A multidimensional Image Browser derived from VIBE (Cinque et al., 1998) was developed at the Universta' di Roma. POIs in this system, ImageVIBE, may be user sketches. Similarity between a POI and an image icon is determined by a set of geometric scoring functions such as minimum enclosing rectangle, signature, orientation of axis and three other properties. User evaluation has not been performed on ImageVIBE. The last experiments outlined as "future work" at the end of this proposal will differ from ImageVIBE in that the geometric properties will be automatically extracted from the data set and will include domain specific properties which will be contextualized and more psychologically accessible to novice users.

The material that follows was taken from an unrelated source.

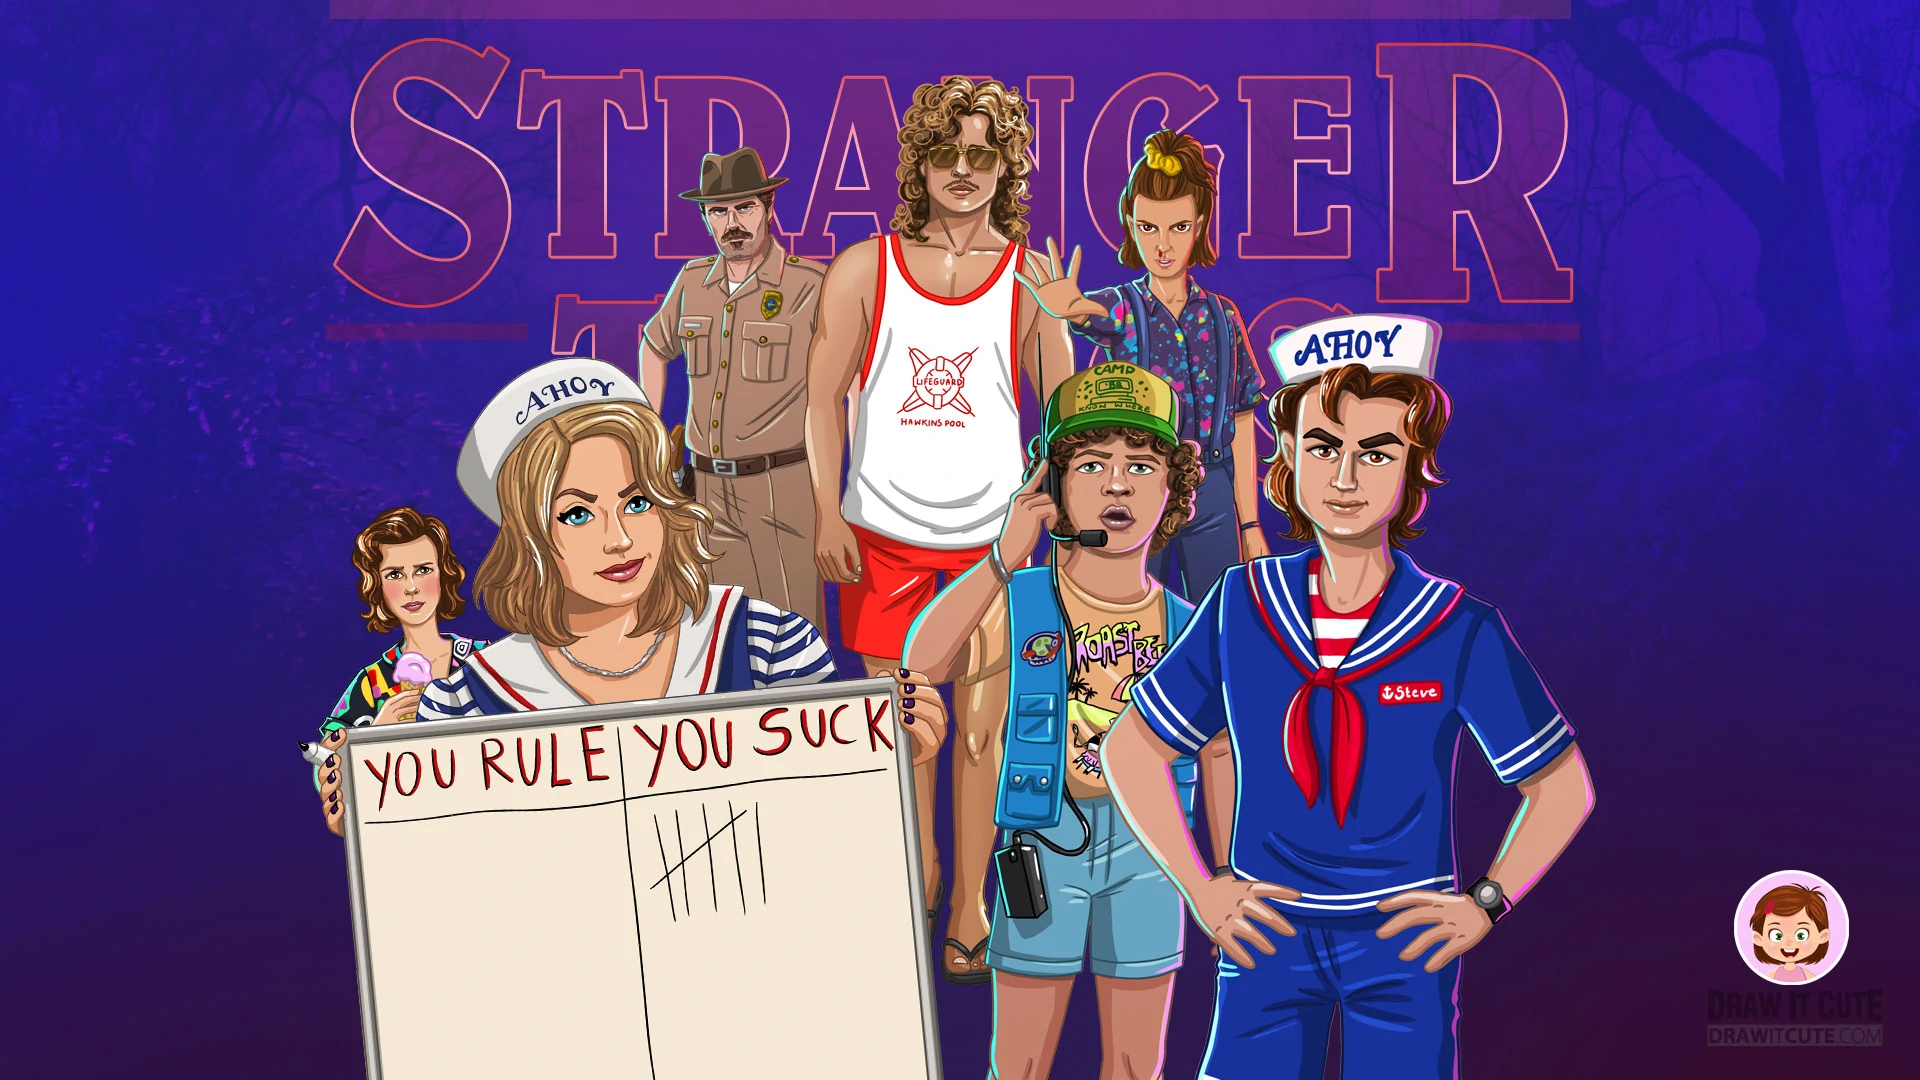 Stranger Things characters in a 1980s style illustration - Stranger Things
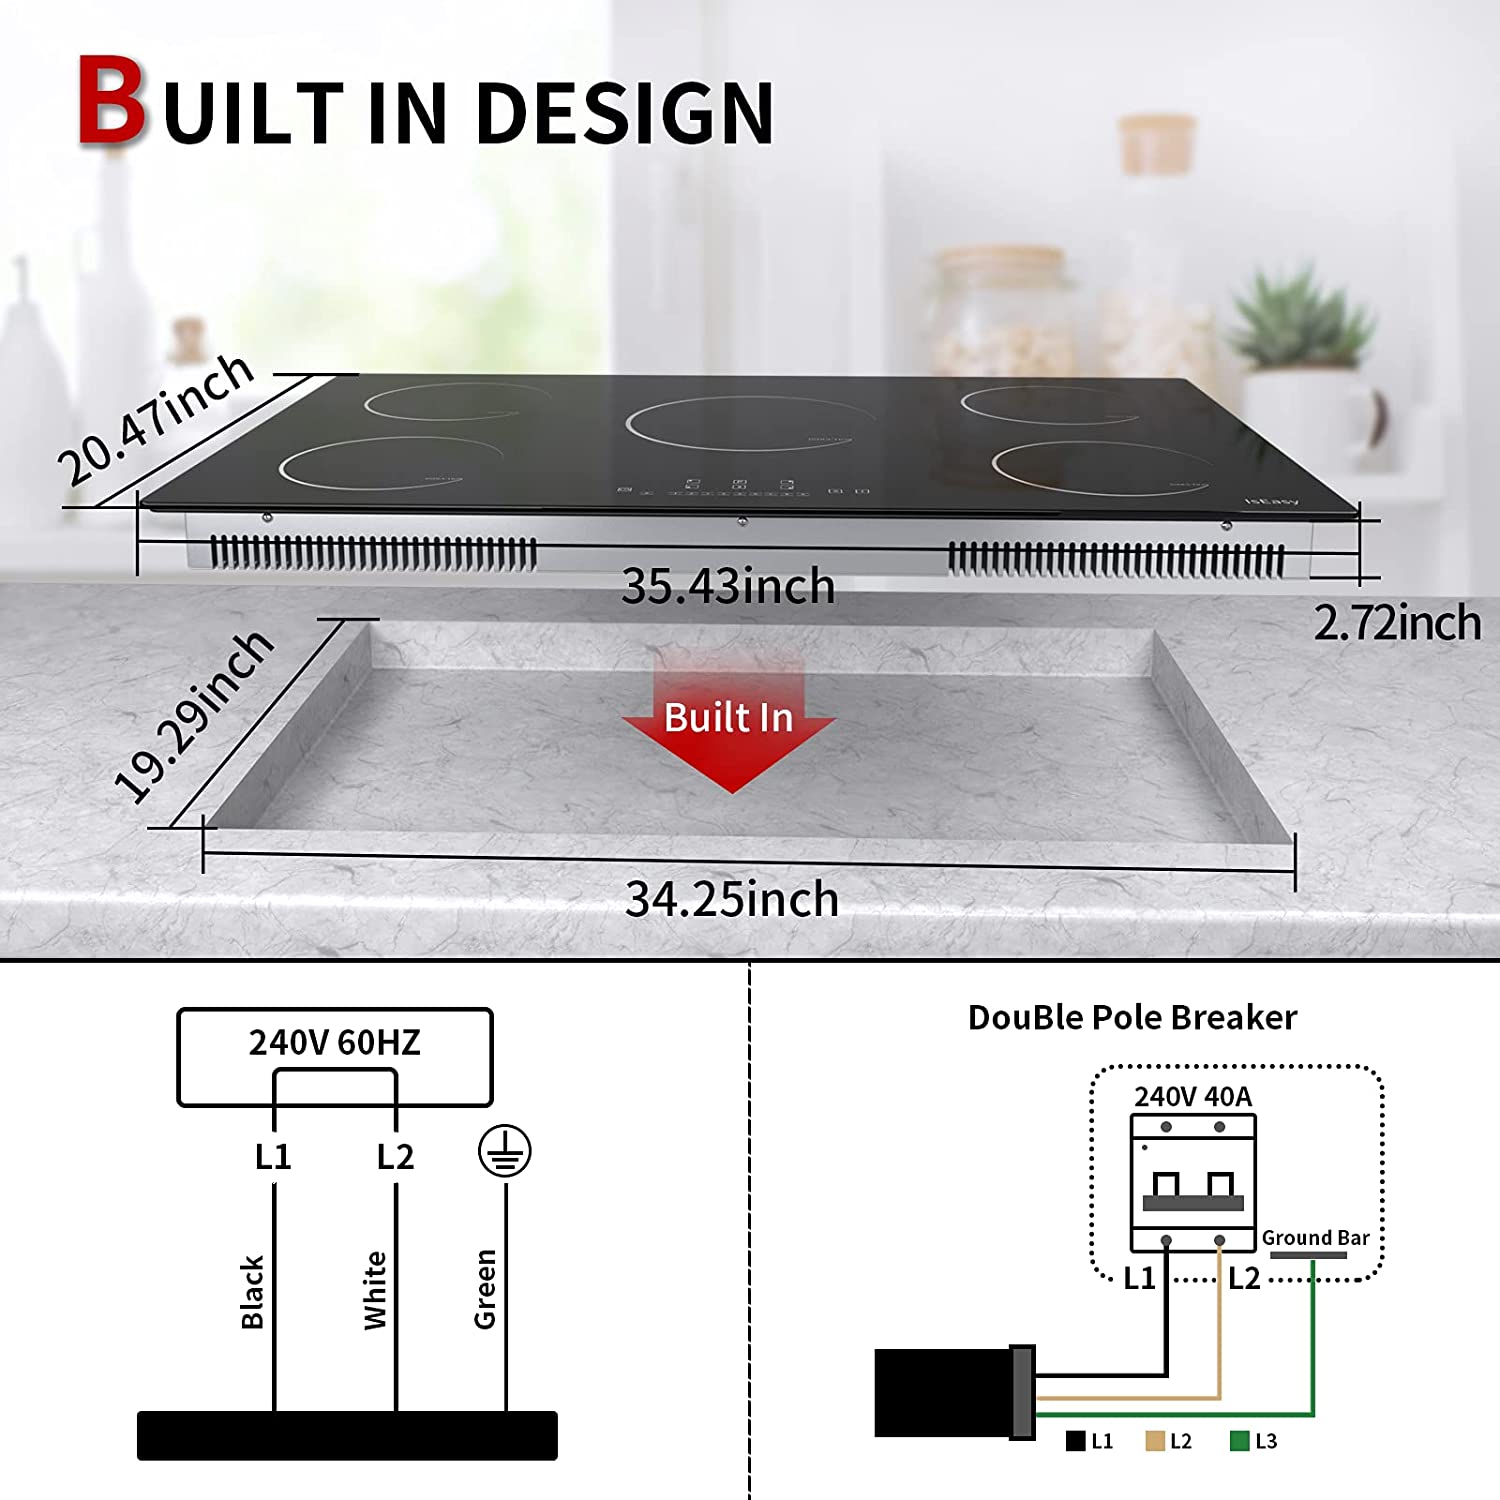 36 Inch Induction Cooktop,  IsEasy electric cooktop 5 Burners, 8600W, Built-in Induction Hob Stove Smoothtop Cooker, Timer, Touch Control, 9 Heating Levels, Booster Function, Glass Black Surface, Residual heat indicator, Child Safety Lock, 220V-240V

Yet another version of VIBE, VR-VIBE (Benford et al., 1995), developed at the University of Nottingham, is a 3-D version of VIBE. The main difference is the addition of a third dimension. LyberWorld, another 3-D reference point system was developed at the Darmstadt University of Technology (Hemmje et al., 1994). There was no user evaluation or evaluation of the utility of individual features. The current 1-D versus 2-D study developed here could be extended to 3-D in a straightforward manner but this will be left to future research.

Cognitive Factors

There are a number of studies which indicate that subjects have differing ability to use information in text displays, graphical displays and displays with multiple dimensionality. The verbal scores of students in library and information science are higher then the general student population but their spatial abilities are lower (Allen & Allen, 1993). Allen (1994) showed by manipulating a text-retrieval system feature, that those users with higher perceptual speed were able to identify a subject heading, learn from it, minimize response time and retrieve information faster. Leitheiser and Munro (1995) demonstrated that a GUI provided performance benefits over a command line interface for both users with high spatial ability and users with low spatial ability. However, users with high spatial ability benefited more from the use of a GUI than users with low spatial ability. In other studies spatial ability appears to be less important than experience with systems using spatial displays (Swan et al., 1998). Steinberg and colleagues (1995) have shown that users were able to adapt more quickly to the task of monitoring missiles and airplanes when using a 3-D interface rather than a 2-D visual display. Extending these findings to a design of multimedia IR systems it is necessary to understand the relationship between spatial ability and system features such as dimensionality.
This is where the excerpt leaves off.